From: tdwg-content-bounces at lists.tdwg.org
[mailto:tdwg-content-bounces at lists.tdwg.org] On Behalf Of Steve Baskauf
Sent: Sunday, May 26, 2013 3:09 AM
To: Robert Guralnick
Cc: TDWG Content Mailing List; Robert Whitton; John Deck;
rlwalls2008 at gmail.com
Subject: Re: [tdwg-content] New Darwin Core terms proposed relating to
material samples


I suppose that Rich and Rob W. have already looked at
http://code.google.com/p/darwin-sw/wiki/TaxonomicHeterogeneity .  I think it
pretty much encapsulates what they are talking about.  I should note that
the way DSW defines dsw:IndividualOrganism does not require it to be a
single organism.  It can be a collection of organisms (herd, colony, school)
or part of an organism (tissue).  The basic requirement is that it is a
"taxonomically homogeneous entity".  In a variant form of DSW (dsw_alt.owl)
we included "taxonomically heterogeneous entity" (THeE) which would
basically include what Rich and Rob W. are talking about (lots of organisms
which are seperatable and aren't necessarily from the same lowest taxonomic
level).  It should be no surprise that THeE does what Rich wants because we
included it in DSW because during the preceding discussion Rich said he
wanted something like it.  In dsw_alt.owl, properties like "hasPart" and
"isPartOf" are used to connect physical entities whose properties can be
inferred by inheritance.  What this diagram includes that Rich did not
mention are "tokens" (evidence).  We defined a class for evidence, but we
also considered not having evidence being an explicit class.  Not defining
an explicit Token class would have simplified the diagram at the bottom of
the page - one could just say that there should be evidence and it should be
linked to the resource it documents.  Token and THeE/IndividualOrganism are
not disjoint classes - the physical entity can be the evidence if somebody
"owns" it and makes it available for people to examine.  However, in DSW,
Token and THeE are not synonymous because we allow evidence to include
things that are not physically derived from the entity (e.g. images, sounds,
string data records) in addition to physical specimens.

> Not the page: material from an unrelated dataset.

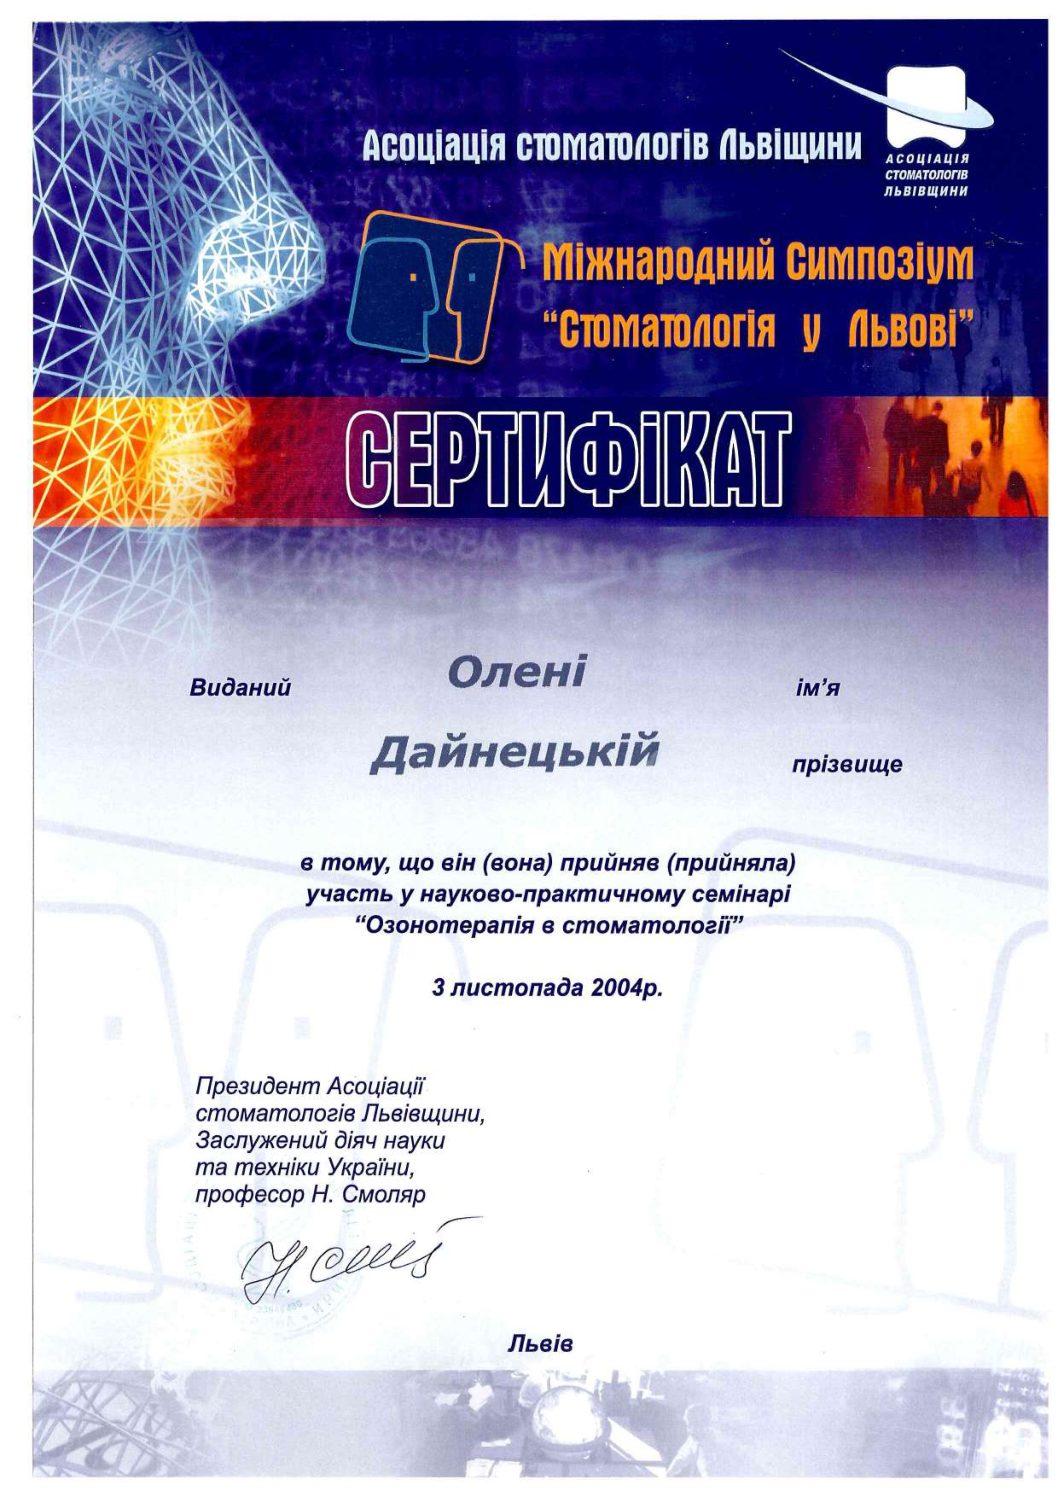 Untitled.FR34.tif compressed pdf - Олена Дайнецька

I think that we have to be careful when we say "we don't need X", "there is
pressing value for X but not for Y", "X is too vaguely defined", etc.
MaterialSample does exactly what the metagenomics people need because they
invented it to serve the purposes they want it to serve (handle material
samples in which one may or may not ever know what all organisms are
included or even if there are organisms in it).  Individual (sensu
Pyle/Whitton)/THeH is just vague enough to do what Rich and Rob W. want it
to do with their lots and specimens, but is too vague for Rob G.
IndividualOrganism (sensu DSW) and Token does exactly what Cam Webb and I
want it to do with our images, specimens, DNA samples, and data records, and
the requirement that IndividualOrganism be taxonomically homogeneous allows
us to infer that a determination applied to one resource also applies to
other resources which are derived from the same IndividualOrganism (a
requirement not stated by the others) but it's too restrictive for both Rob
G and Rich.  If we start in on the game of saying "WE need the features that
I think are important but not the features that YOU think are important"
then we are in for another month of massive email traffic on this list and
will end up no better off than we were when we started.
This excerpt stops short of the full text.